需要注意的是，上面命令的参数别名-alias可以通过下面的命令来查看：

keytool -list -rfc -keystore client.keystore.jks

提取客户端密钥

接下来我们将提取客户端密钥。但是keytool不直接支持这一点，所以我们必须先将密钥库转换为pkcs12格式，然后从中提取私钥：

keytool -v -importkeystore -srckeystore kafka.client.keystore.jks -srcalias caroot -destkeystore cert_and_key.p12 -deststoretype PKCS12

生成 p12 文件后，使用下面的命令将密钥打印到 STDOUT，从那里可以将其复制并粘贴到key.pem中（确保复制到 --BEGIN PRIVATE KEY-- 和 --END PRIVATE KEY-- 之间的行）。
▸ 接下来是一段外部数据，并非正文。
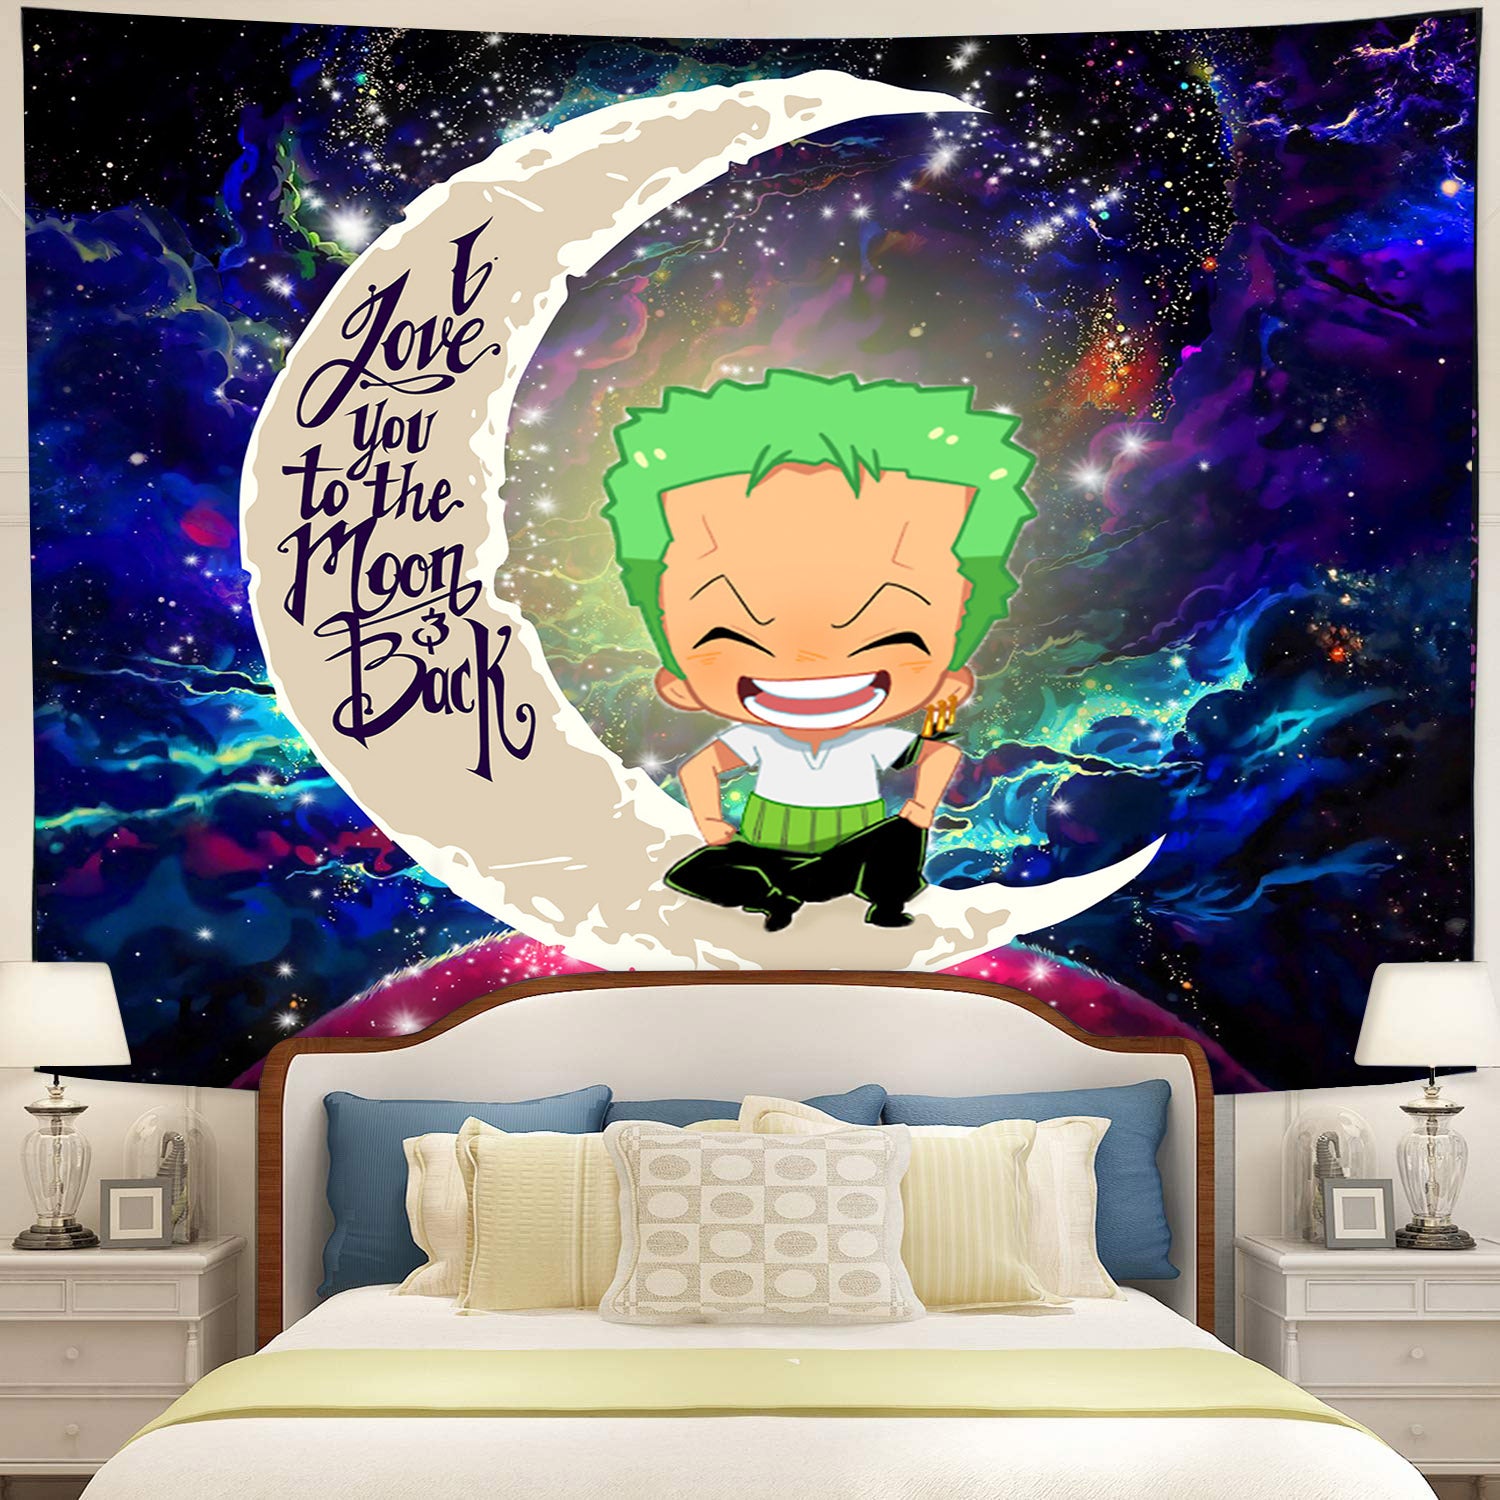 Zoro One Piece Moon And Back Galaxy Tapestry Room Decor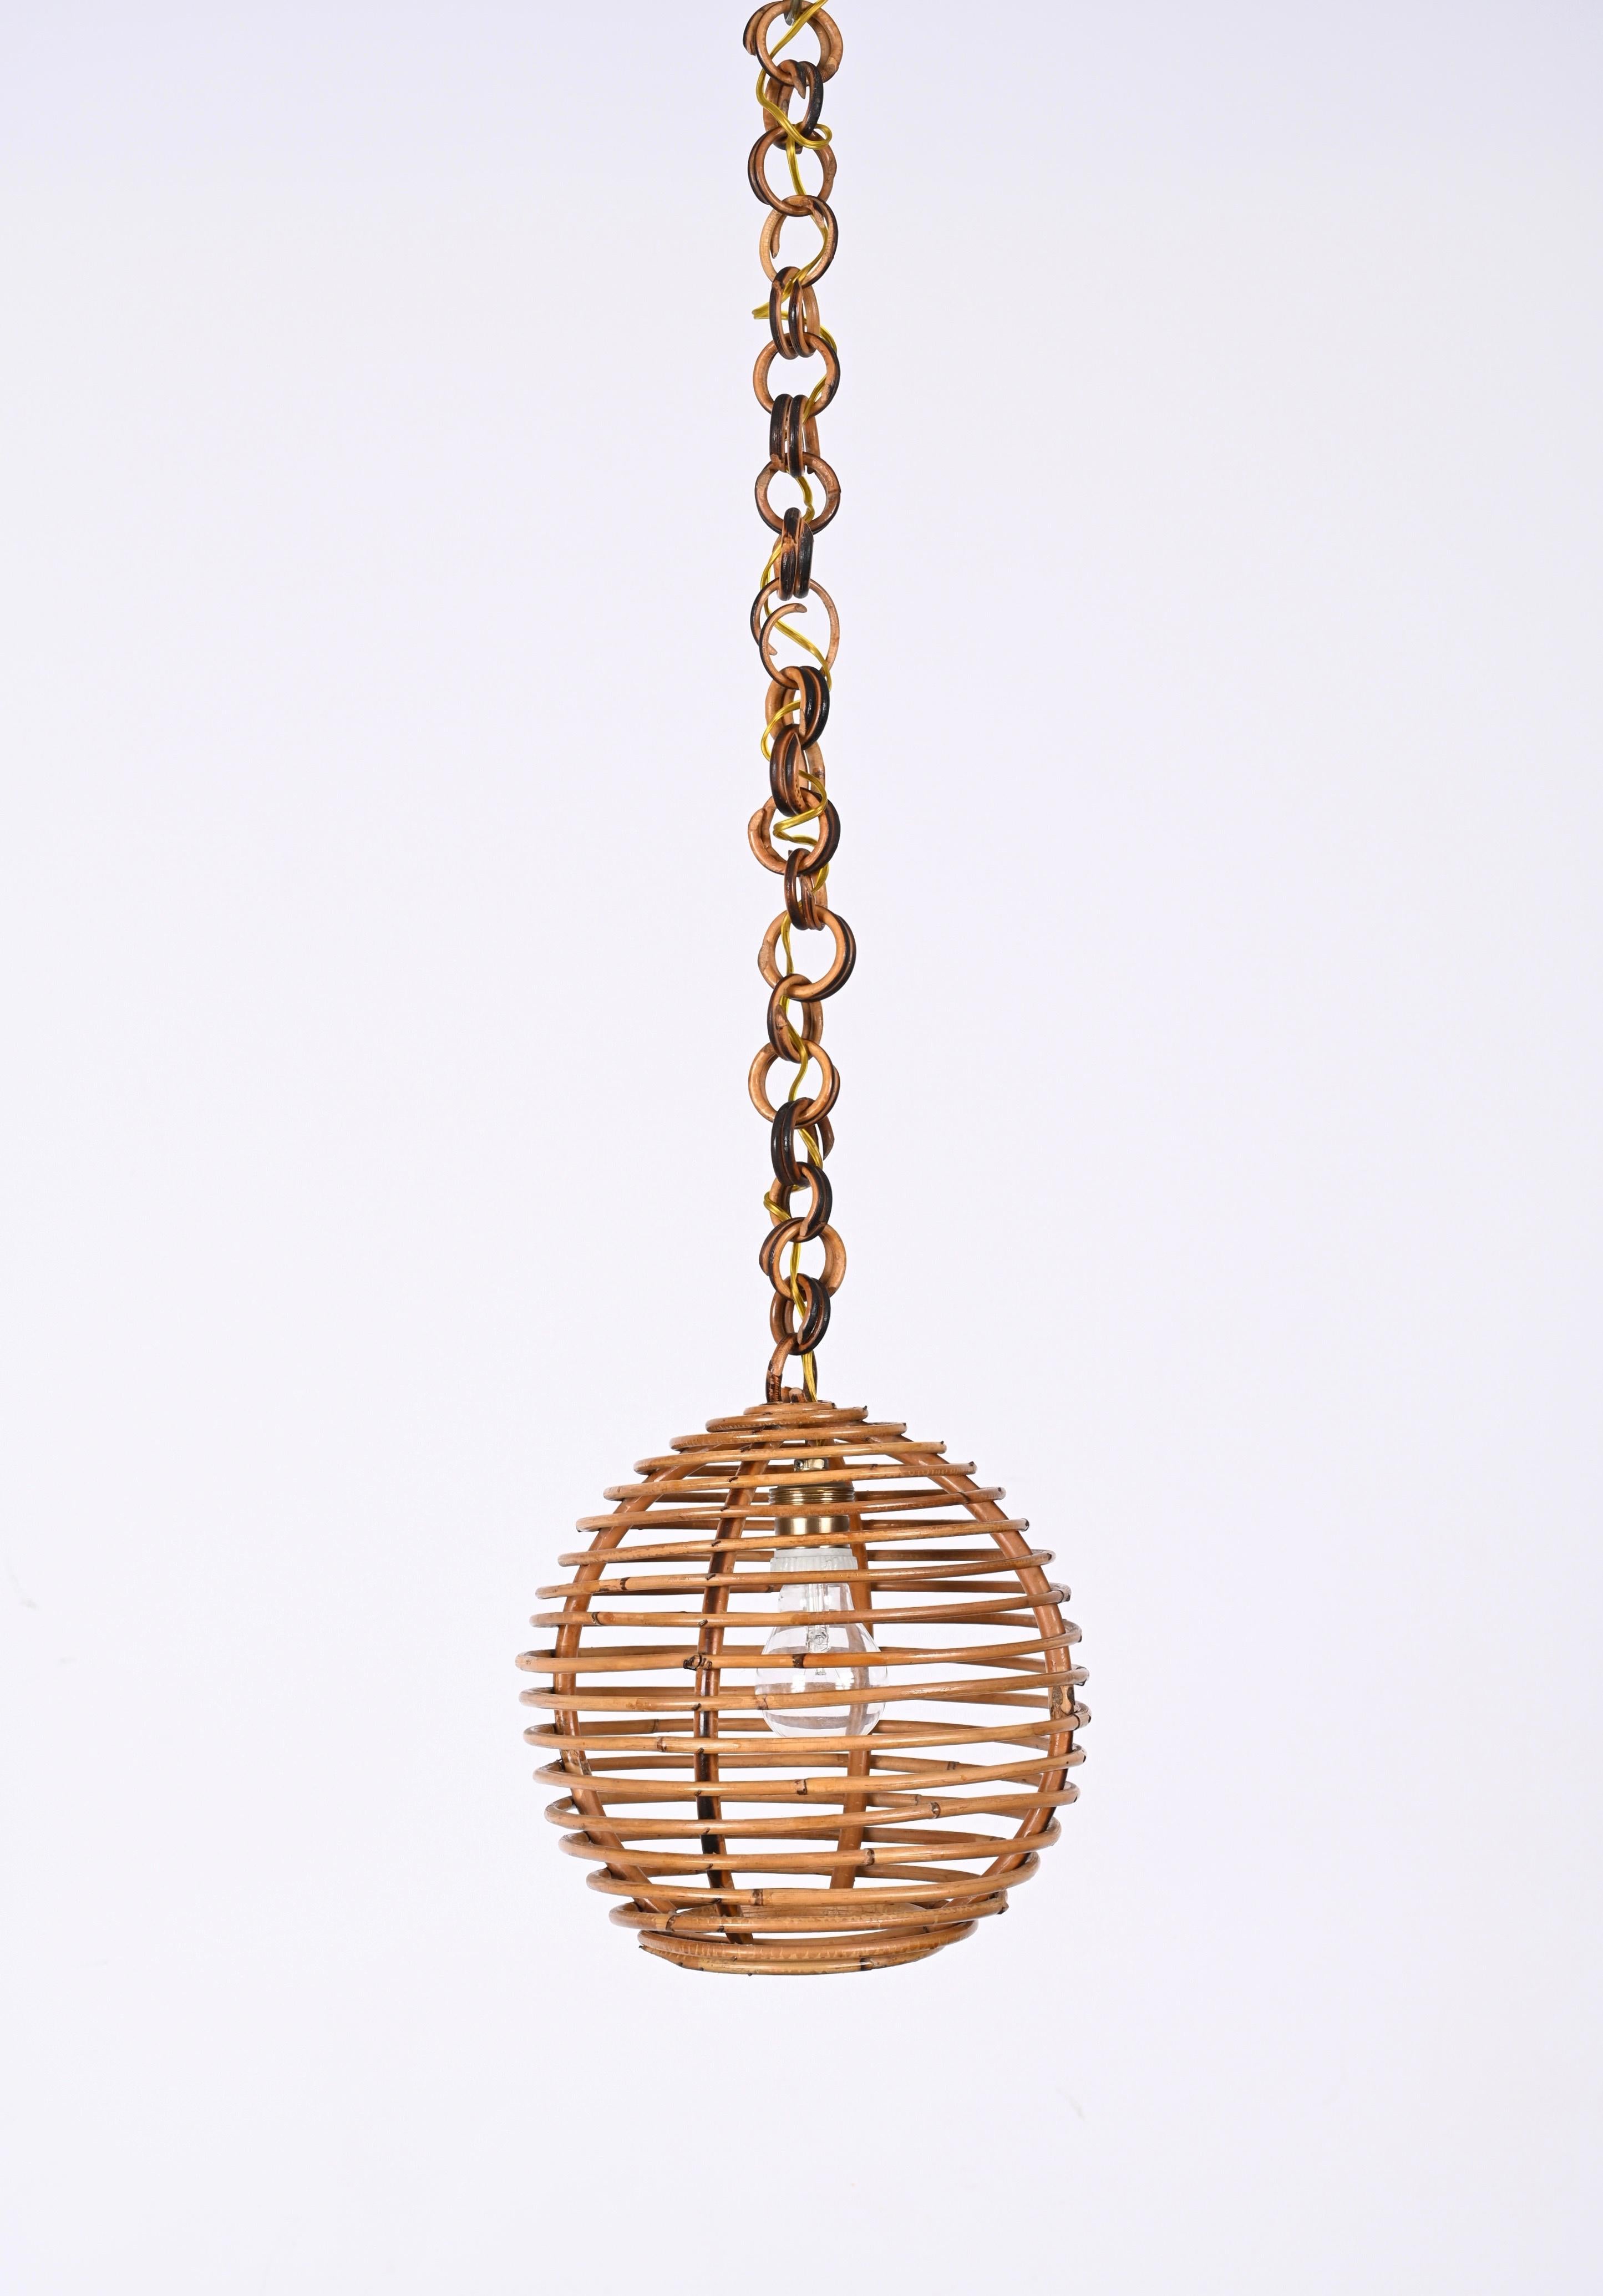 Midcentury French Riviera Bambo and Rattan Spherical Italian Chandelier, 1960s For Sale 8

openssl pkcs12 -in cert_and_key.p12 -nocerts -nodes

但是，我在执行上面的命令后，怎么都找不到打印的信息，最后没办法，在https://www.openssl.net.cn/docs/249.html中查阅了下 OpenSSL 的命令，将结果打印在终端，从终端复制到key.pem文件中：

openssl pkcs12 -in cert_and_key.p12 -nodes

然而事实上，在最后的使用中，我根本没用到key.pem文件，直接添加了对应的 password 即可。。。。

提取 CARoot 证书
最后我们将提取 CARoot 证书：

keytool -exportcert -alias CARoot -keystore kafka.client.keystore.jks -rfc -file CARoot.pem

kafka-python创建连接
现在我们有了三个文件certificate.pem、key.pem、CARoot.pem。kafka-python它们可以作为消费者和生产者的构造函数的参数传递：

from kafka import KafkaConsumer, KafkaProducer

consumer = KafkaConsumer(bootstrap_servers='my.server.com',
                          security_protocol='SSL',
                          ssl_check_hostname=True,
                          ssl_cafile='CARoot.pem',
                          ssl_certfile='certificate.pem',
                          ssl_keyfile='key.pem')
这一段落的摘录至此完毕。